Communications of the ACM

Trusted Recovery

Recent exploits by hackers have drawn attention to the importance of defending against potential information warfare. Defense and civil institutions rely so heavily on their information systems and networks that attacks that disable them could be devastating. Yet, as hacker attacks have demonstrated, protective mechanisms are fallible. Features and services that must be in place to carry out needed, legitimate functions can be abused by being used in unexpected ways to provide an avenue of attack. Further, an attacker who penetrates one system can use its relationships with other systems on the network to compromise them as well. Experiences of actual attacks have led to the recognition of the need to detect and react to attacks that succeed in breaching a system's protective mechanisms.

To protect a system against information warfare, it is of course necessary to take steps to prevent attacks from succeeding. At the same time, however, it is important to recognize that not all attacks can be averted at the outset. Attacks that succeed to some degree are unavoidable, and comprehensive support for identifying and responding to attacks is required [1]. Information warfare defense must consider the whole process of attack, response, and recovery. This requires a recognition of the multiple phases of the information warfare process. Prevention is just one phase; we explain others and then focus on the oft-neglected recovery phase. The goal of defense is to keep available as many of the critical system elements as possible in the face of information warfare attacks. It is undesirable to use recovery techniques that require halting system operations for repair, for denial of service may be the attacker's objective, especially if it occurs at a critical time. Once a bad system element has been detected, it is essential to proceed quickly with repairs while allowing applications to continue operating even if some of the elements have been damaged by an attack.

Back to Top

Phases of Information Defense

Information warfare attack and defense are continuous processes, and defensive approaches must consider the entire process. From the attacker's point of view, a classic military cycle of intelligence gathering, planning, and execution is apt. The attacker observes the system and gathers data from any available sources to determine the system's vulnerabilities and find the most critical functions or data to target—this information is used to plan the means of attack and the resulting plan is carried out. The attacker then gathers further information from any new vantage points established (such as system information available once initial access has occurred), assesses the impact of the attack on the system so far, and plans further actions. As part of this cycle, an attacker may also attempt to anticipate the responses that will be made by defenders and either act to counter them or even take actions specifically designed to instigate a defensive response that would have side effects damaging to the system's operational function.
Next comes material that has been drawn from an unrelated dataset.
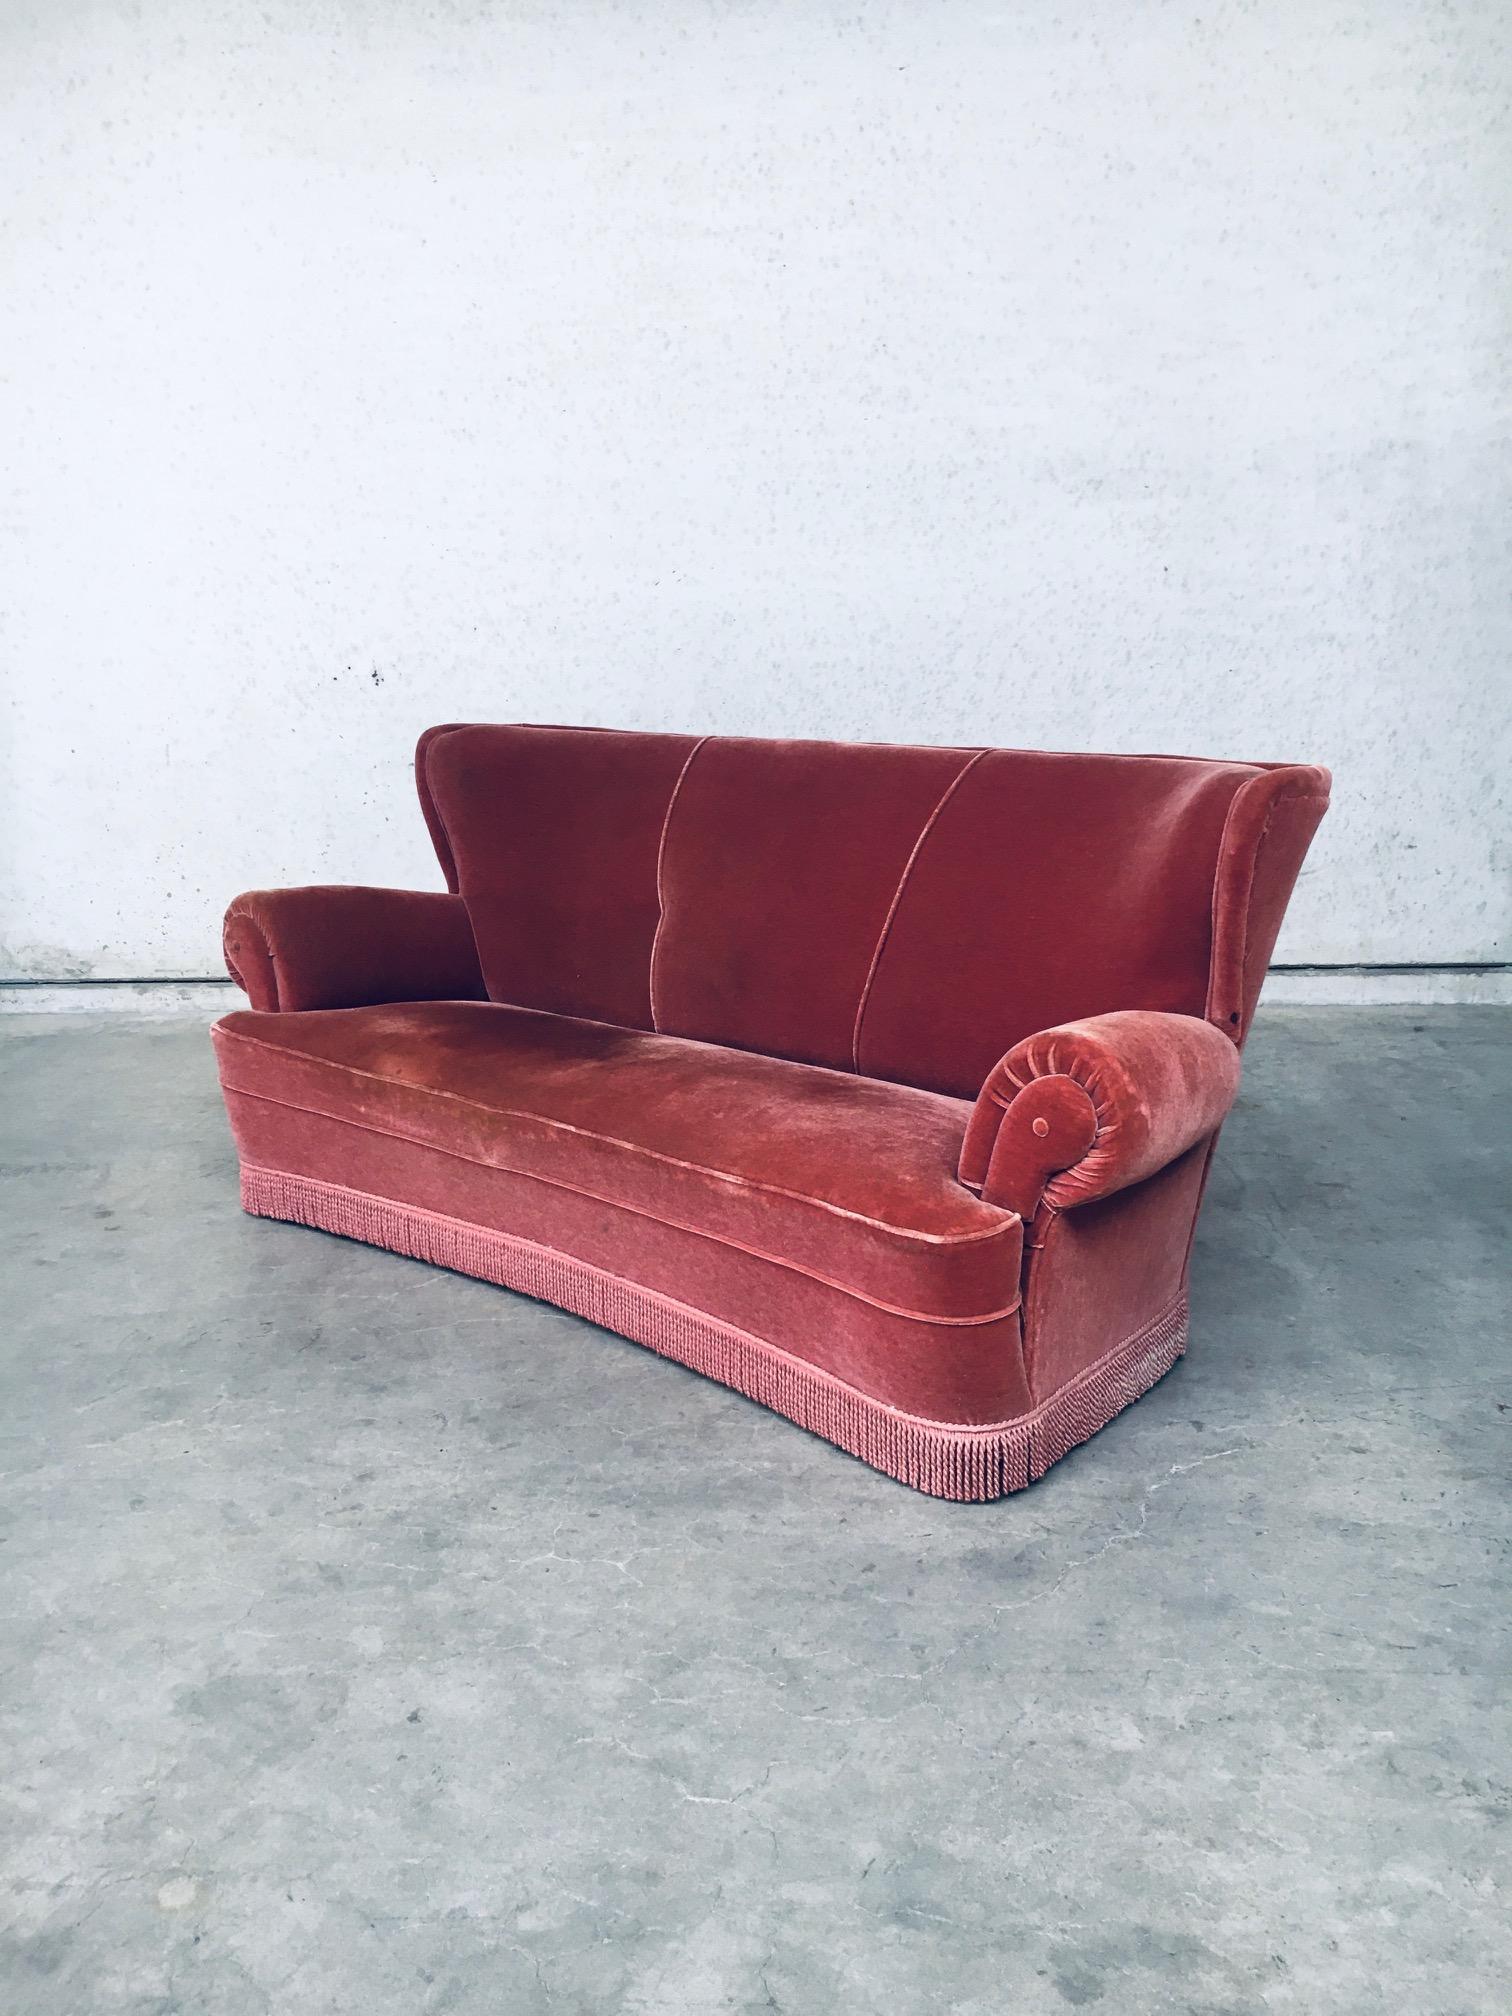 Vintage Art Deco design pink velvet 3 seat sofa with fringe. Made in Italy, 1930's / 40's. Curved large lucious pink velvet three seat sofa with fringed bottom. Spring cushion seating on oak wooden frame. All original very good condition, with minor
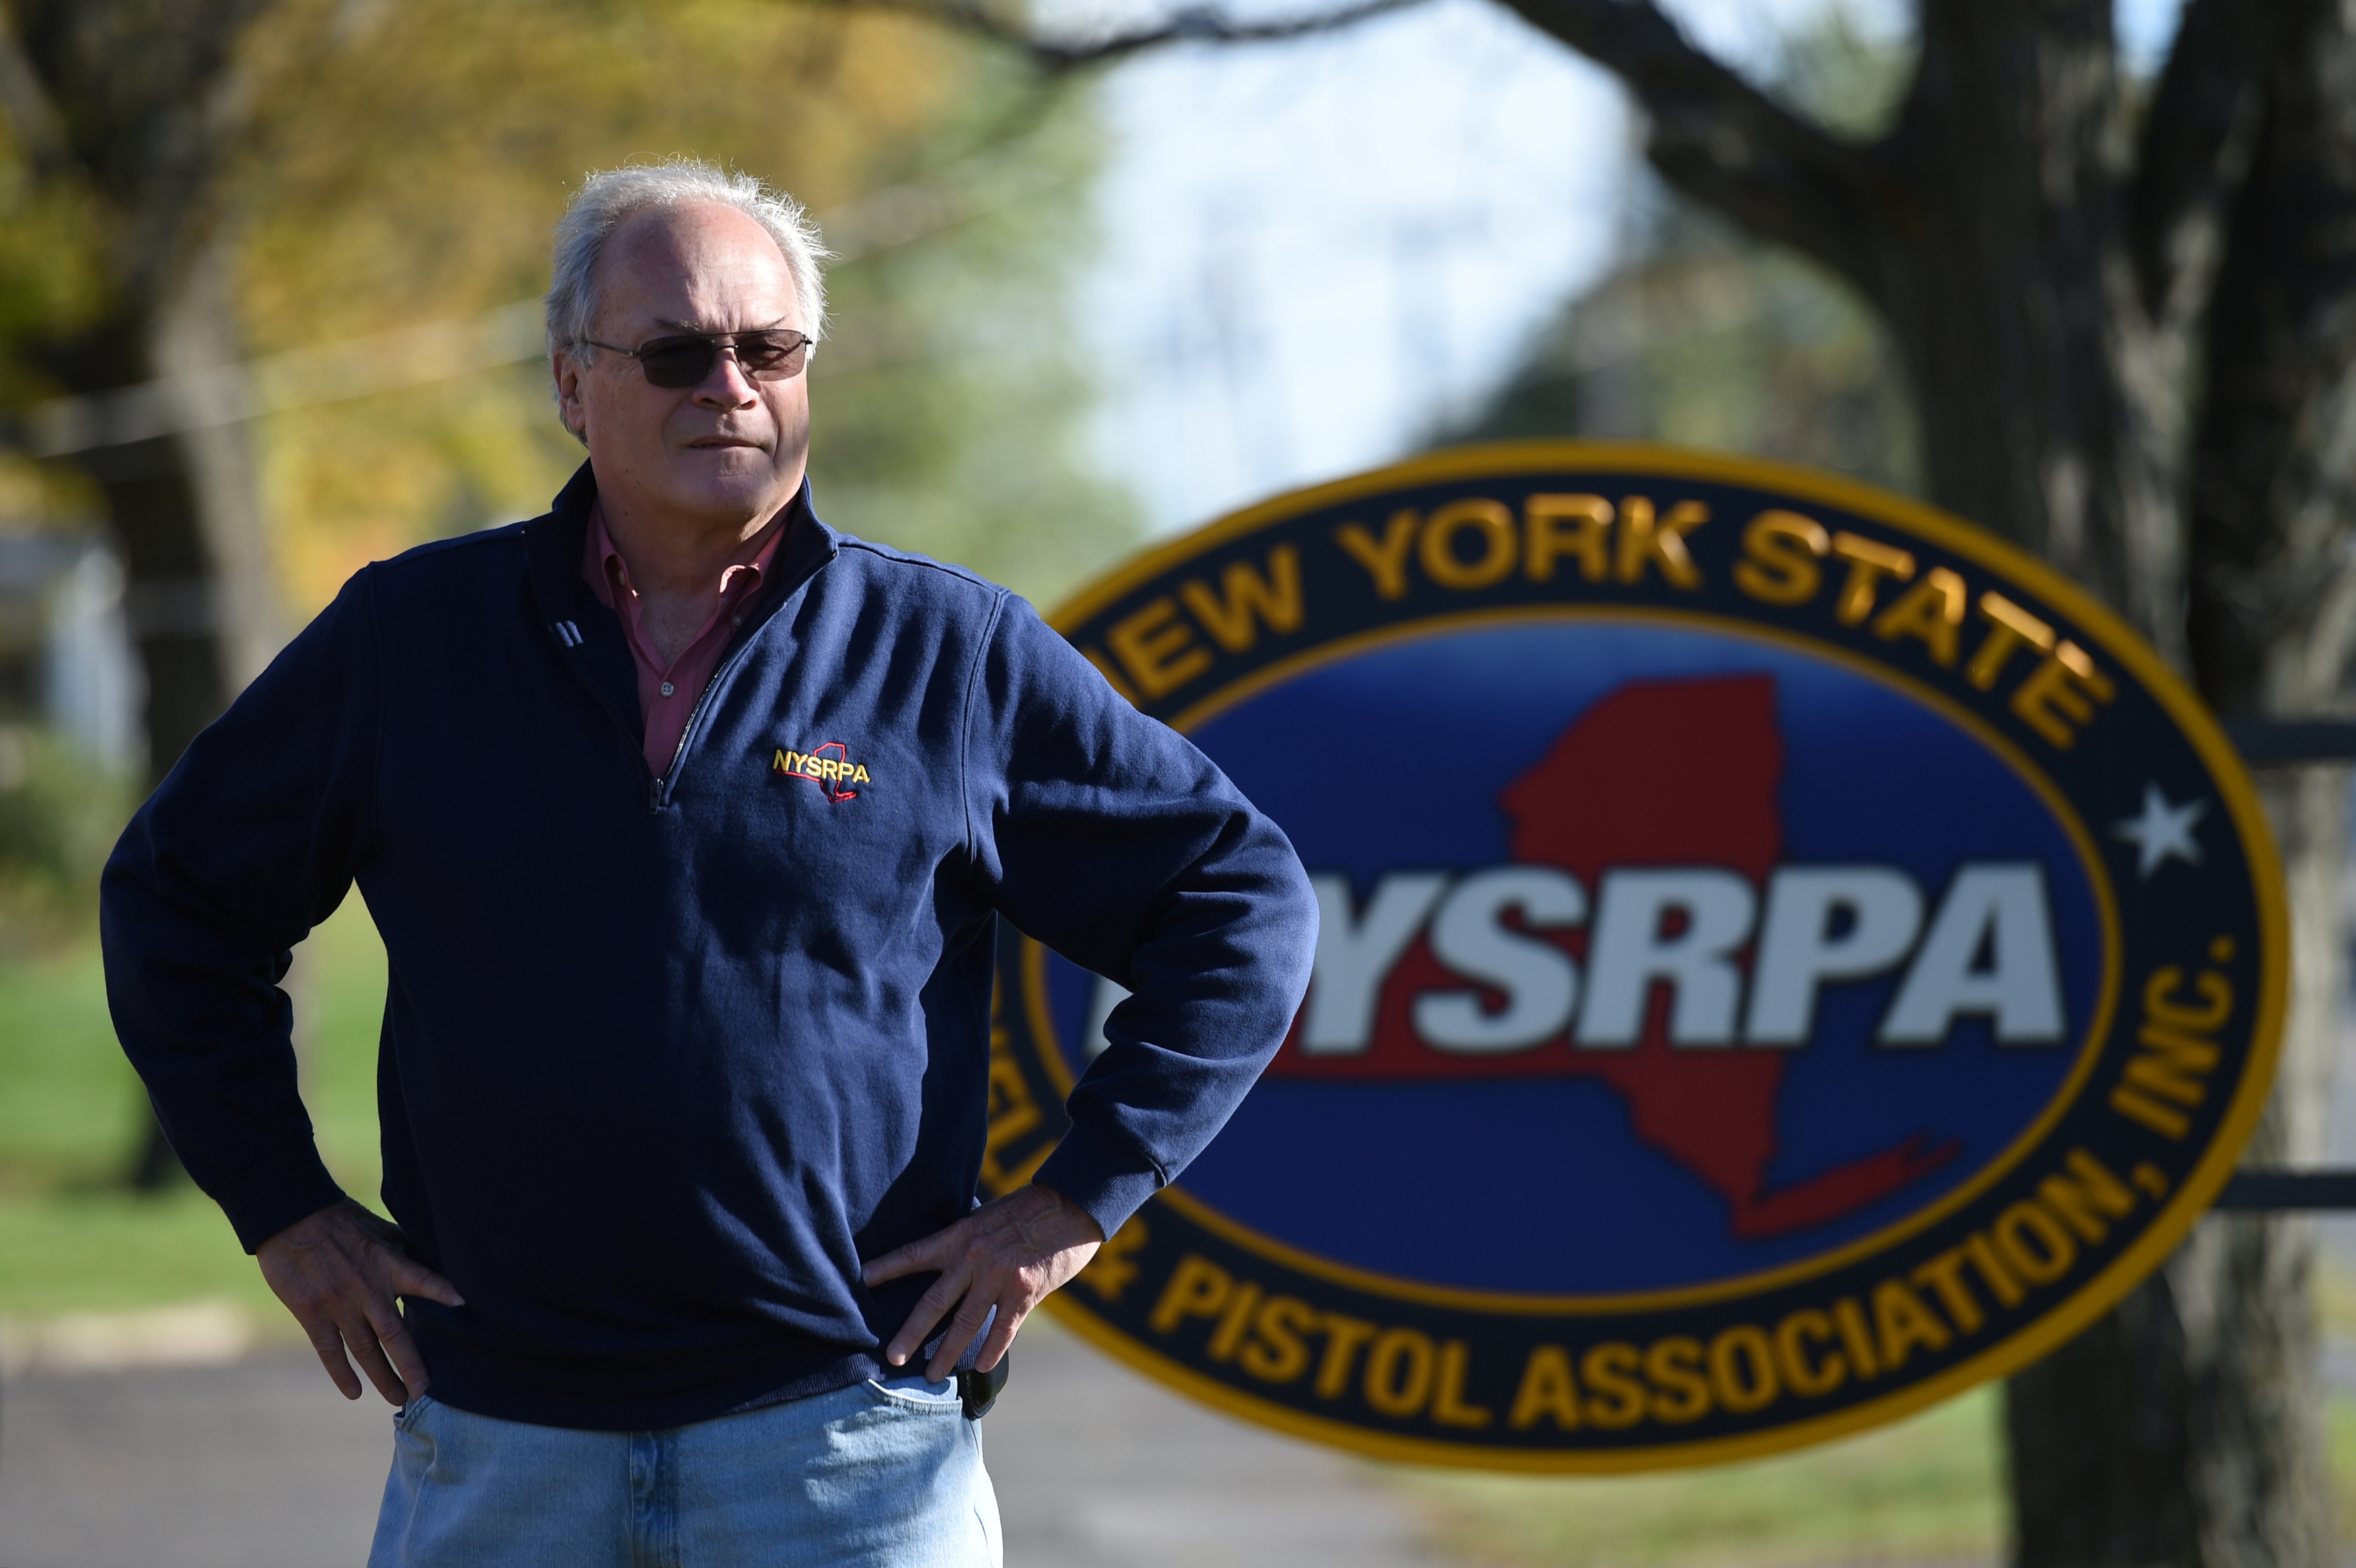 Tom King, head of the New York State Rifle and Pistol Association (NYSRPA) and a challenger in a case being heard by the U.S. Supreme Court with regards to the right to carry handguns in public, poses at the NYSRPA office in East Greenbush, New York, U.S. October 20, 2021. REUTERS/Cindy Schultz

For example, the attacker might supply a counterfeit source IP address in packets that carry out a noticeable attack in order to provoke a response that shuts down service to the host at that address.

The defender must also attempt to anticipate and block possible means of attack, detect those that occur, and respond in a way that limits damage, maintains system availability for its critical functions, and allows recovery of full operating capabilities to proceed. The defender's cycle of activities can be divided into the following phases:

  • Prevention. The defender puts protective measures into place.
  • Attack detection. The defender observes symptoms of a problem and determines that an attack may have taken place or may be in progress. The defender gathers further information to diagnose whether the symptoms are due to unusual but legitimate system activity or to an attack, and if there is an attack, what type. The defender can gather information by changing monitoring thresholds, deploying additional sensors, or using specialized analytical tools.
  • Damage assessment and containment. The defender examines the system to determine the extent of any damage the attack may have caused, including failed functions and corrupted data. The defender takes immediate action to try to eliminate the attacker's access to the system and to isolate or contain the problem to prevent further spread.
  • Recovery. The defender may reconfigure to allow operation to continue in a degraded mode while recovery proceeds. This may involve cutting back on noncritical services to maximize the ability to continue critical services, for example. The defender then recovers corrupted or lost data and repairs or reinstalls failed system functions to reestablish a normal level of operation.
  • Fault treatment. To the extent possible, the weaknesses exploited in the attack are identified, and steps are taken to prevent a recurrence.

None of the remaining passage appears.